A l’aube naissante des années 80, "Tangram" est un album qui marque un certain tournant dans la longue carrière discographique de Tangerine Dream.
Johannes Schmoelling fait son entrée, prenant part au jeu des claviers ; mais ce n’est pas la remarque essentielle qu’il faut souligner ici.
En premier lieu, les sons s’affranchissent de la rugosité inhérente à celle de la décennie précédente ; on entre ici dans une nouvelle ère, celle d’une production moderniste où le moindre risque d’aspérité indésirable semble avoir été irrémédiablement ciblé et annihilé – au détriment peut-être d’une expressivité plus naturelle, pourront penser les aficionados de la période seventies. D’autre part, ce projet est le dernier représentant réellement crédible des formats unitaires ayant fait les heures de gloire du rêve mandarine. "Tangram" ne contient que deux éponymes, affublés de leur suffixe respectif 'Set 1' et 'Set 2'. Non qu’Edgar Froese et son complice Chris Franke vont délaisser l’écriture des longues suites instrumentales dont ils connaissent si bien les recettes, mais parce que les compositions de moyennes et courtes durées vont prendre désormais le pas, et de plus en plus souvent, pour l’essentiel de l’œuvre à venir. Par ailleurs la version de 2008 ne cherchera pas à ressusciter le modèle de 1980 : au programme de cette nouvelle mouture, un découpage en pas moins de 7 pistes, affichant des durées très disparates, de 2 à 10 minutes.
Pour l’heure, simplicité de la structure à l'appui, ce "Tangram" se présente-t-il comme un nouvel album-concept ? Pas sûr. La première partie est construite à la manière de 'Force Majeure', l’éponyme de l'opus précédent, avec toutefois beaucoup moins de contraste dans le jeu des alternances émotionnelles. On navigue toujours entre deux dualités psychologiques, mais de manière beaucoup plus fluide (comprendre de manière moins remarquable). Si certains auditeurs préféreront peut-être cette tournure, la méthodologie qui lui est propre ne nécessite sûrement pas le même niveau de virtuosité. La conclusion de ce premier moment elle aussi est orientée vers une forme de libération spirituelle, tout en conservant l’aspect filigrané de l’ensemble.

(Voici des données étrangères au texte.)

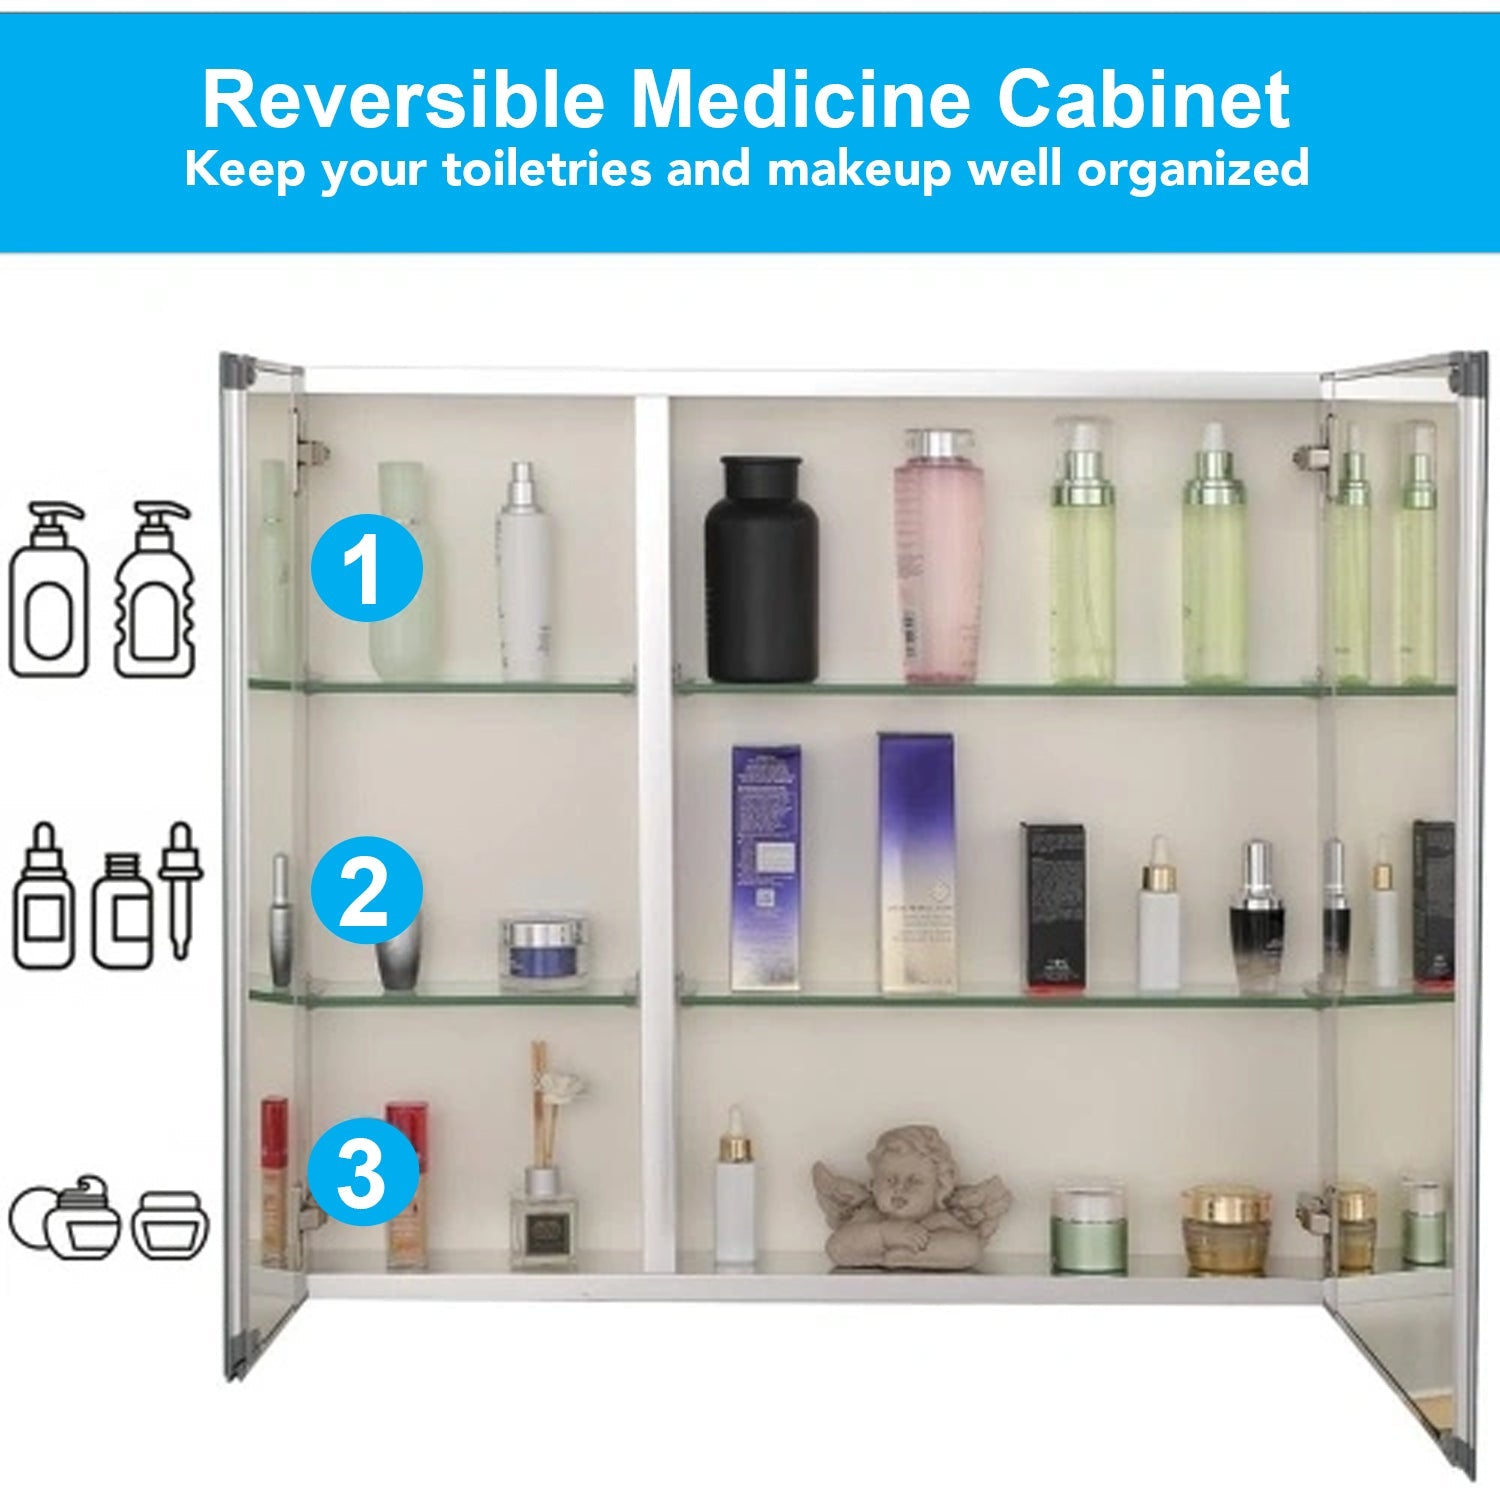 30 x 26 Inches Frameless Medicine Cabinet: Double-Sided Mirror, 2 Doors, 3-Adjustable Shelves, Unique Large &amp; Small Door Design, Soft-Closing, for Bathroom, Bedroom, Hotel - Surface or Recessed Mount
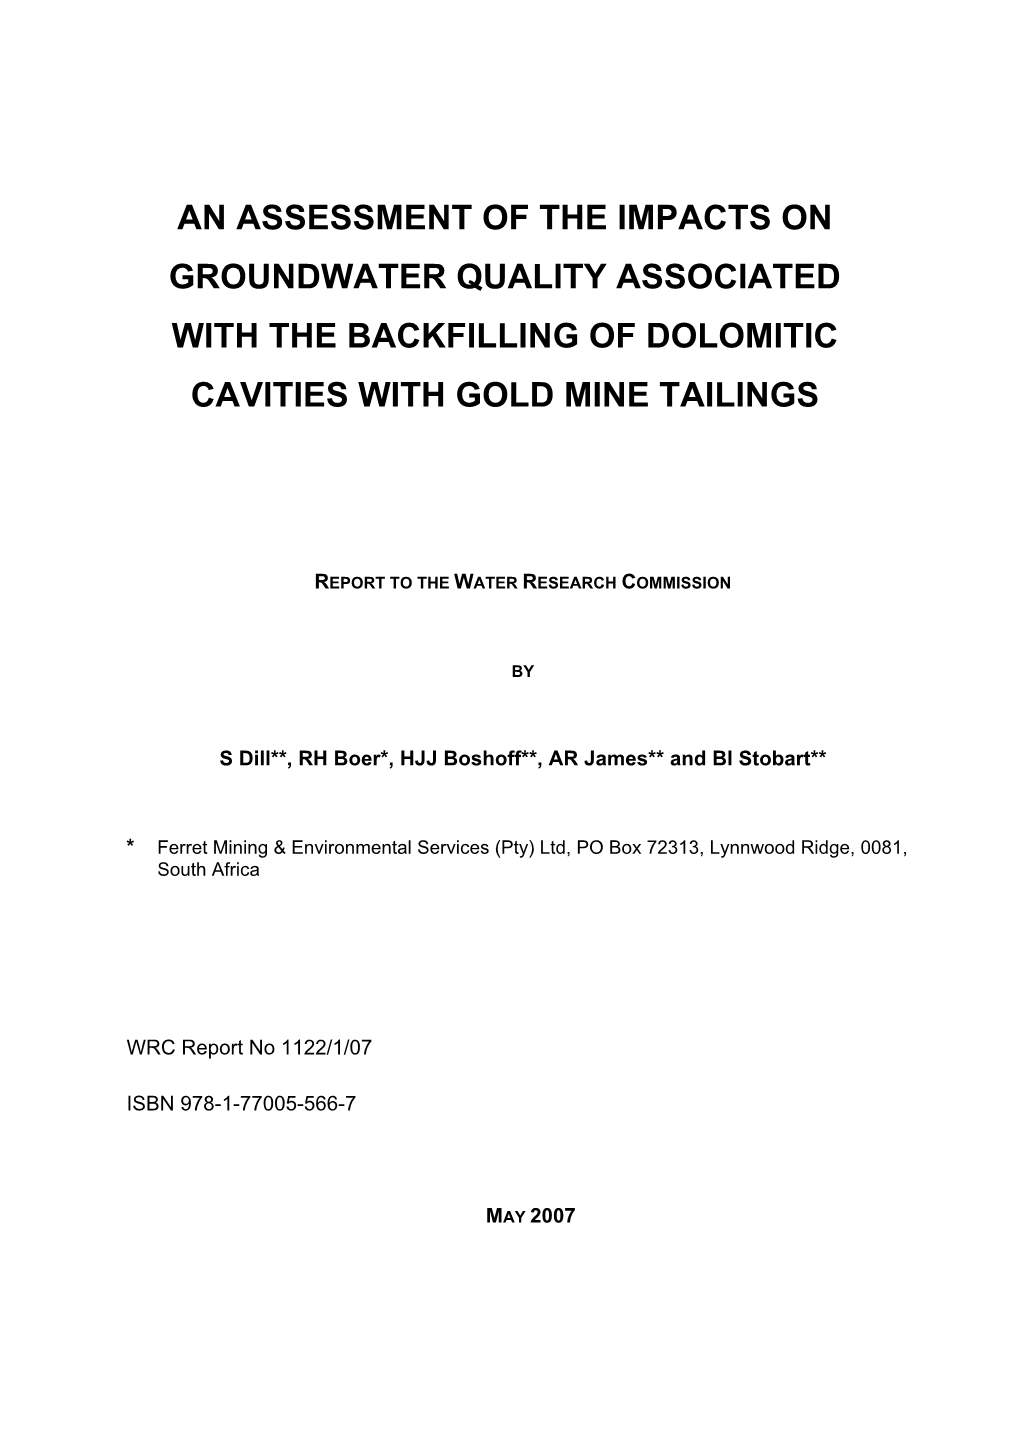 An Assessment of the Impacts on Groundwater Quality Associated with the Backfilling of Dolomitic Cavities with Gold Mine Tailings

Pour sa part, le second titre se révèle encore plus neutre dans sa tonalité et ses évolutions émotionnelles, bien que très agréable à l'oreille. On retrouvera ici et là certains ingrédients de "Rubycon" et de "Ricochet", mais le relief général de la composition a été sérieusement aplani. L’omniprésence de synthétiseurs un brin (trop) scintillants, la surexploitation des boucles rythmiques ou l’absence de final véritable sont autant d’éléments qui cantonnent essentiellement ce 'Set 2' à la fonction d’ambiance instrumentale, sans que cela ne porte en soi de connotation dévalorisante.
En conclusion, il faut évaluer "Tangram" pour ce qu’il est : un projet à vocation ambient-électro, tout à fait honorable dans ce registre. Il en découle immanquablement que son armement cérébral et progressif n’est pas à la mesure de celui d’un "Ricochet", "Stratosfear" ou "Force Majeure".